What aesthetic? Abandoned-house chic?

Summer continued, “I keep hoping a spider would just come along to eat all those fucking mosquitoes.”

“You do know mosquito nets exist for a reason, don’t you?”

“Of course I do, I have a nice purple one.” Of course she did. “But that doesn’t help me when I’m playing games at my desk, does it?”

Dan held up his hands. “Fine, fine you have a point. But don’t you have spiders inside your house sometimes? You could just, I don’t know,” he had to suppress a shudder, “leave them.”
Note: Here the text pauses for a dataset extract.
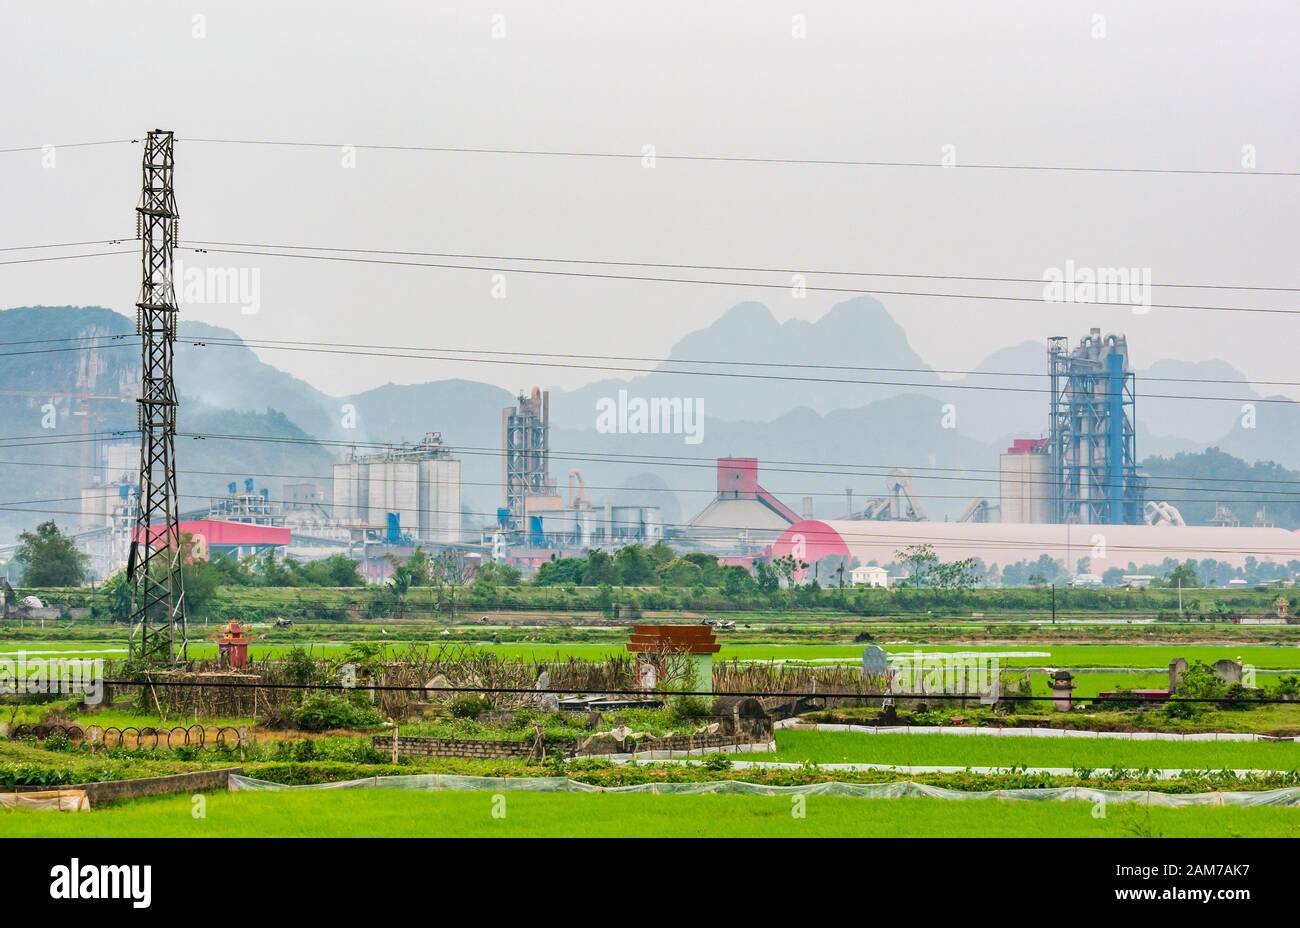 Industrial limestone quarry with rice paddy fields and ancestral graves, Ninh Binh, Vietnam, Asia Stock Photo

Summer nodded. “In theory, but when one actually crawls over the wall or ceiling, I flip out. I don’t scream or anything, but I- It’s so difficult to describe.” She furrowed her eyebrows, deep in thought. “Something comes over me. I get jittery, my mind races and I can only focus on the spider. The way it moves,”

Dan’s mind drew inward.

“those eight legs slowly moving,”

He saw the legs in his mind’s eye, dark like the night, as big as his fingers,

“so regularly yet alien-like.”

crawling over his white walls,

“It’s worse when they have those thin long legs that you can barely see.”

crawling towards him,

“Those creepy shadows. You can’t even tell which is the shadow and which is the spider.”

A twisted void the size of his hand, uncaring of his terror, unmoved by his screams.

“Oh, I hate them.”

Those last words, lamented at the ceiling, snapped him out of it. His breath came short. He pushed his shaking hands under his desk and controlled his expression before Summer looked back at him. She looked at him curiously, something must have shown on his face. He grinned to hide the terror he was still feeling. “I thought you liked spiders?”

Summer glared at him. He sighed in relief. She hadn’t noticed then.

Summer’s words stayed with him the rest of the day, even at home they still bounced through his head. He kept a suspicious eye on the wall where a few months ago that huge spider sent him screaming.

He shuddered at the memory. He left the kitchen and turned on his tv to distract himself. If he didn’t think about it, it would be fine.

It wasn’t fine. After only half an hour in bed, he kicked off the covers and went downstairs. He couldn’t stand it anymore. He couldn’t shake the image of large, crawling shapes on his walls, on his sheets…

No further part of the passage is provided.